Aarhus University, Department of Genetics and Biotechnology, Slagelse, Denmark.
Comput Biol Chem. 2011 Apr;35(2):57-61. doi: 10.1016/j.compbiolchem.2011.01.002. Epub 2011 Feb 2.
N-glycosylation is a common protein modification process, which affects a number of properties of proteins. Little is known about the distribution of N-glycosylation sequons, for example, the distance between glycosylated sites and their position in the protein primary sequence. Using a large set of experimentally confirmed eukaryotic N-glycoproteins we analyzed the relative position and distribution of sequons. N-Glycosylation probability was found to be lower in the termini of protein sequences compared to the mid region. N-glycosylated sequons were found much farther from C terminus compared to the N-terminus of the protein sequence and this effect was more pronounced for NXS sequons. The distribution of sequons, modeled based on balls-in-boxes classical occupancy, showed a near-maximum probability. Considerable proportion of sequons was found within a distance of ten amino acids, indicating that the steric hindrance was not a key factor in protein N-glycosylation. Interestingly, the distribution of all sequons present in N-glycoproteins showed a pattern very similar to that of glycosylated sequons. The results indicate that protein N-glycosylation chiefly follows a random design.

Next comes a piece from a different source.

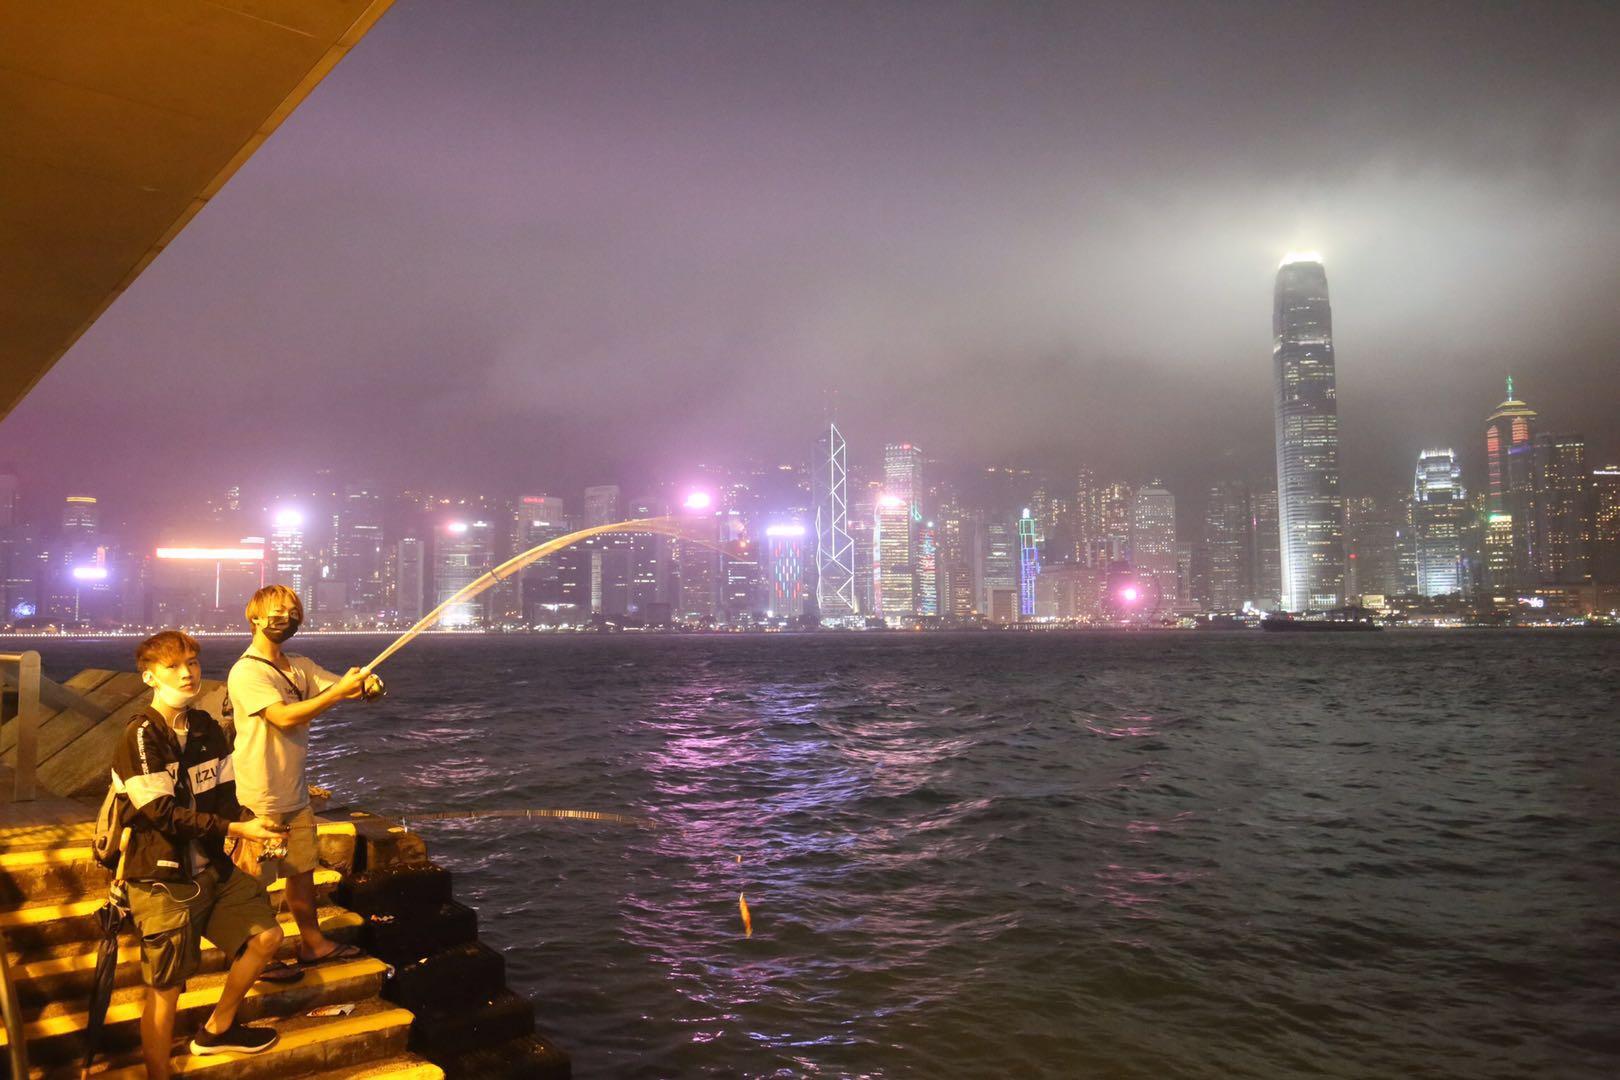 打風期間的尖沙咀碼頭,有市民在岸邊釣魚。(大公文匯全媒體記者 馬丁 攝)
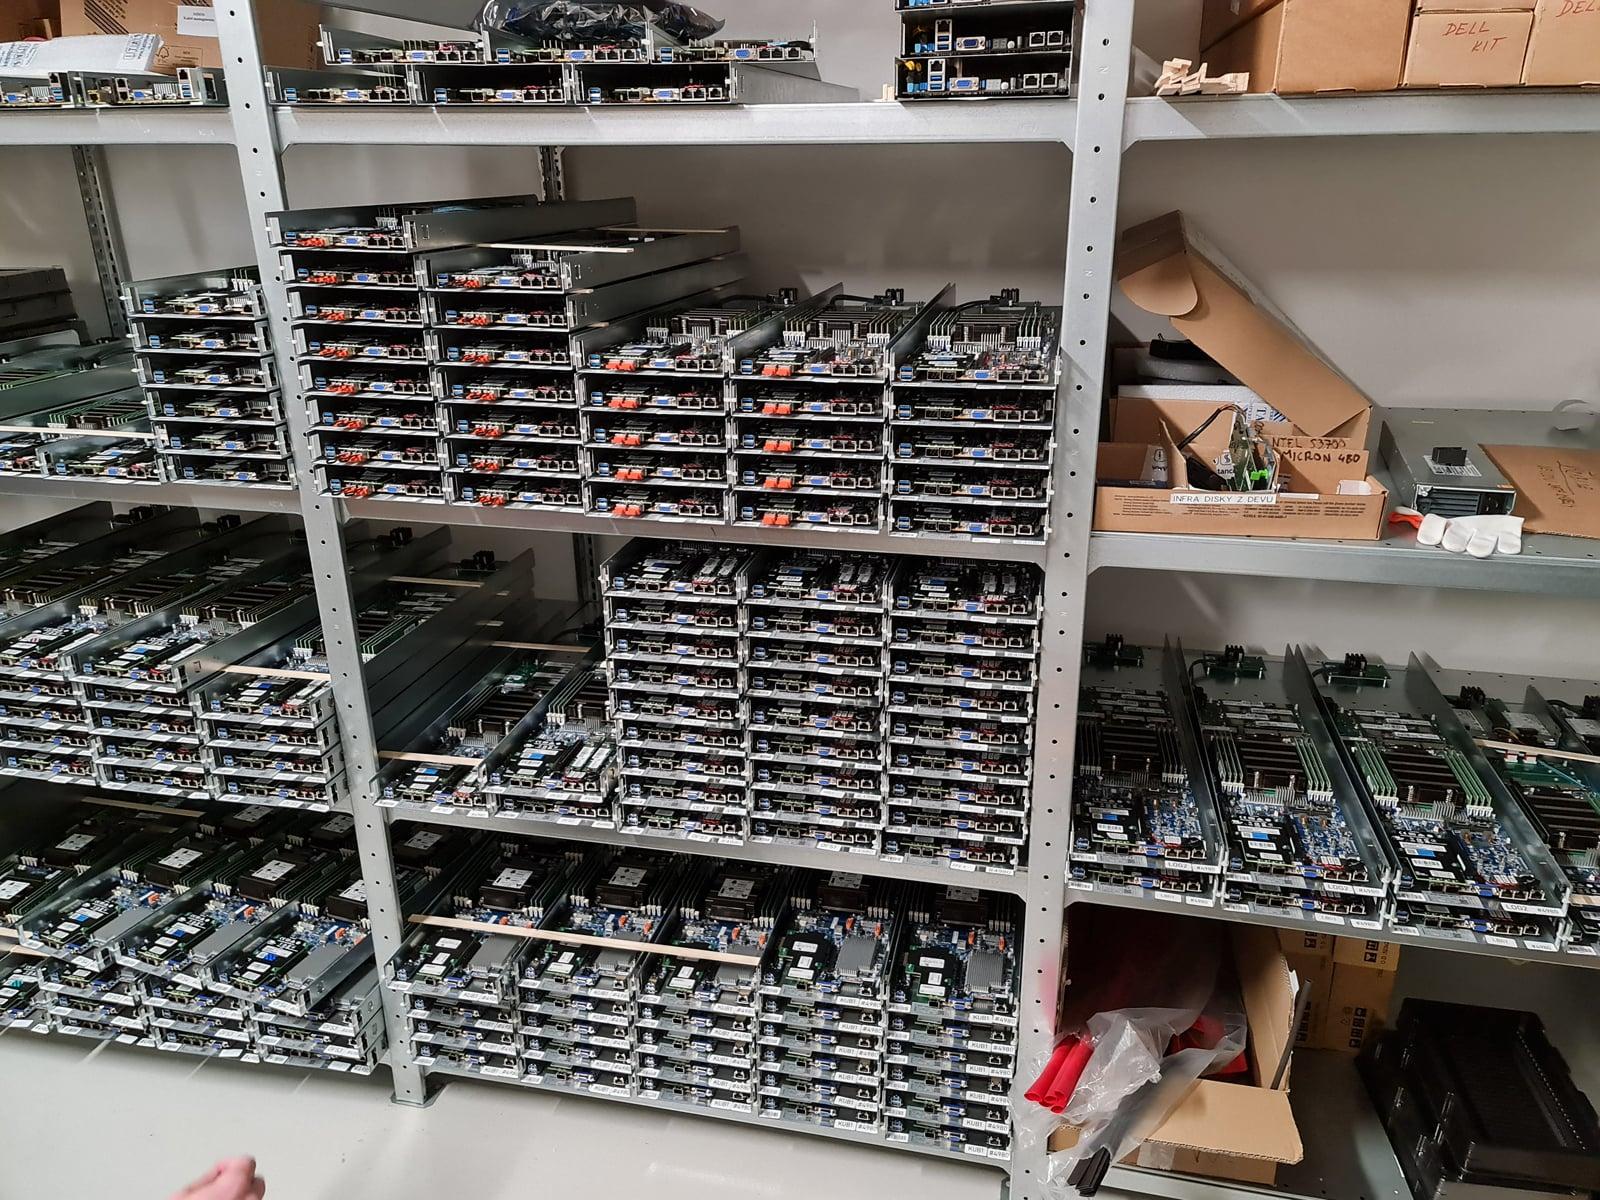 Montovna: Seznam a jeho výroba vlastních serverů

N-糖基化是一种常见的蛋白质修饰过程,影响蛋白质的许多性质。关于 N-糖基化序列的分布,例如糖基化位点之间的距离及其在蛋白质一级序列中的位置,人们知之甚少。我们使用大量经过实验证实的真核 N-糖蛋白分析了序列的相对位置和分布。与蛋白质序列的中间区域相比,N-糖基化序列在蛋白质序列的末端的概率较低。与蛋白质序列的 N 端相比,N-糖基化序列离 C 端更远,而对于 NXS 序列,这种效应更为明显。基于球盒经典占据的模型,对序列的分布进行了模拟,结果显示出接近最大值的概率。在距离十个氨基酸的范围内发现了相当比例的序列,这表明空间位阻不是蛋白质 N-糖基化的关键因素。有趣的是,所有存在于 N-糖蛋白中的序列的分布模式与糖基化序列非常相似。结果表明,蛋白质 N-糖基化主要遵循随机设计。